Impresionante todo Avioneto, tanto las fotos como el vídeo. Muchísimas gracias por compartirlo con todos nosotros.

----------


## DonQuijote

> Esta parte no sé cómo se llama, seguro que soy el único de todo el foro, ja,ja,ja, pero me ha parecido preciosa:


Esta es la parte final de la junta de los rios Gigüela y Záncara (aunque la mayor parte del agua viene de Peñarroya).

----------


## zaramapoli

Muchas gracias Avioneto. Os sigo desde hace tiempo y me había dado pereza registrarme y postear algo, pero con el vídeo no me he podido resistir, jajajaj

----------


## albertillovernel

En primer lugar, felicitar a Avioneto por su magnífico reportaje fotográfico. Ya podemos guardar el enlace, porque sus fotos y vídeo serán objeto de disección y de estudio por gran parte de quienes seguimos este foro. También son la mejor tarjeta de presentación para que las autoridades se tomen en serio la recuperación del dominio público hidráulico, cosa que pienso sera muy dificil, visto el destrozo que se ha hecho en el 90% del curso de Záncara, Gigüela y Guadiana y buena parte del Azuer (al que ya esperan meterle mano y "limpiar" este verano  :Mad: ).

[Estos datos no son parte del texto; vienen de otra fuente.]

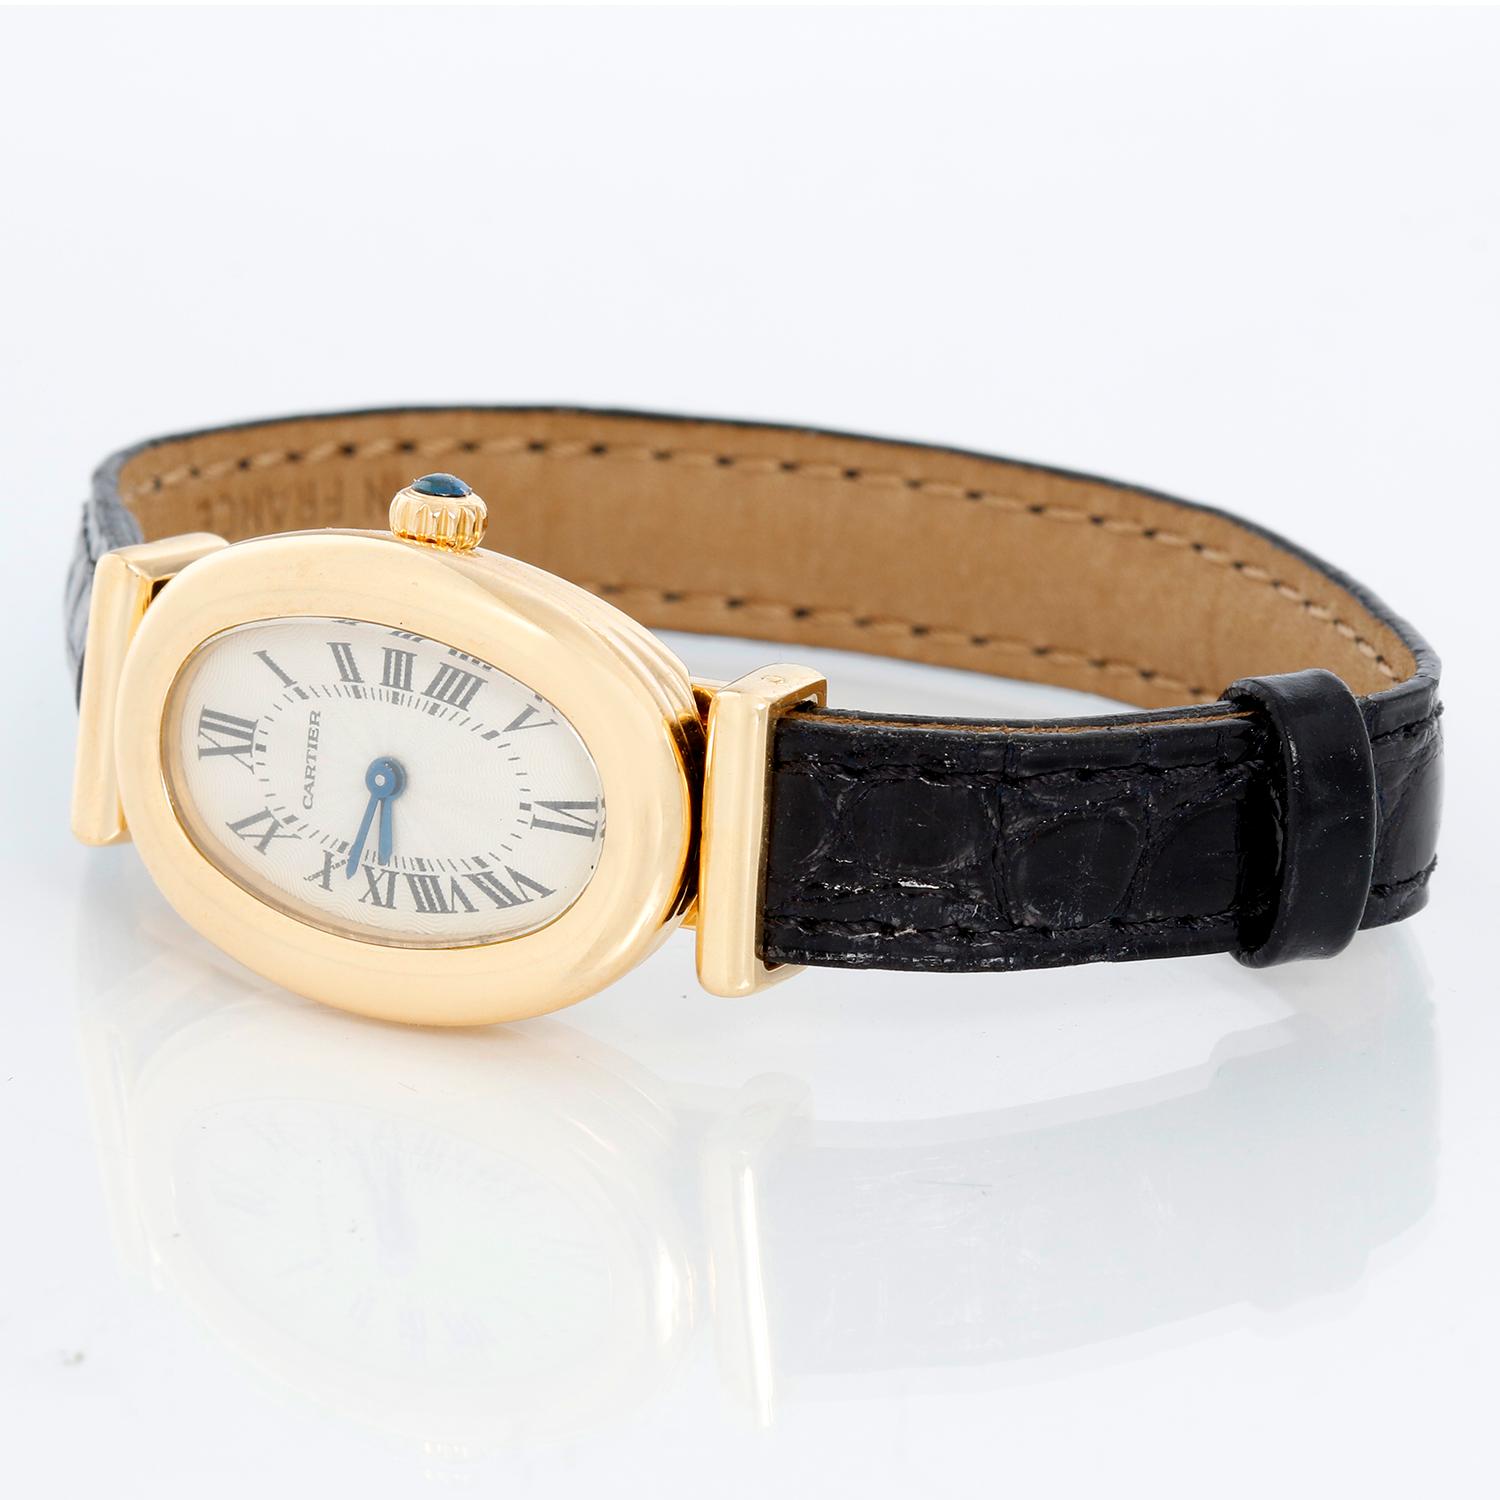 Cartier Baignoire 18K Yellow Gold Watch - Quartz winding. 18K Yellow gold ( 19 mm x 33 mm ). Ivory dial with Roman numerals. Black Cartier strap with 18K yellow deployant buckle. Pre-owned with Cariter box and papers.
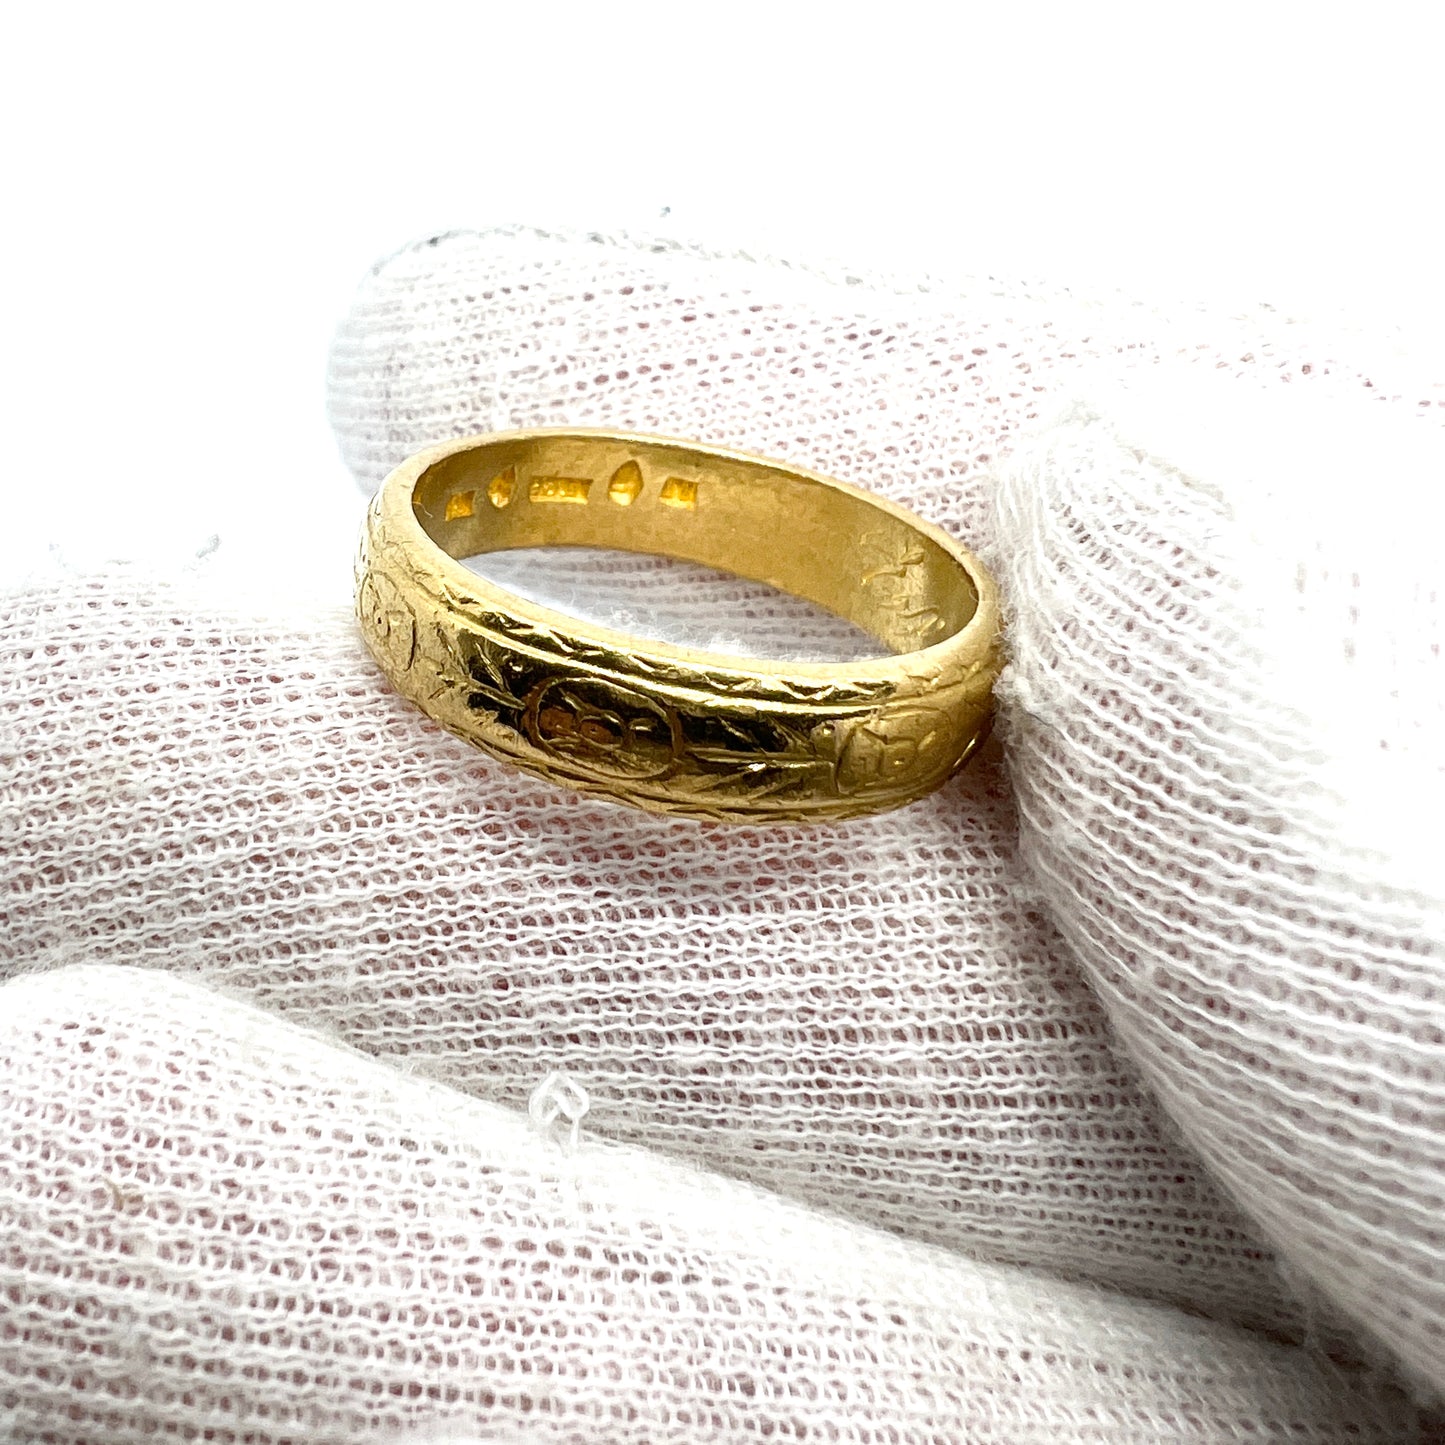 Sweden year 1913. Antique Chunky 23K Gold Men's Wedding Band Ring.

Ayer tarde pasé por Zuacorta y, como decís, había cuatro flamencos alimentándose por allí. Quise medir el perímetro inundado, pero desistí en cuanto el terreno comenzó a ceder bajo el peso de las ruedas de la bici (y bajo mis pies, seguidamente).
Fijaos primero en el colorcillo que tienen las aguas, algo menos marcado en la zona al sur del camino...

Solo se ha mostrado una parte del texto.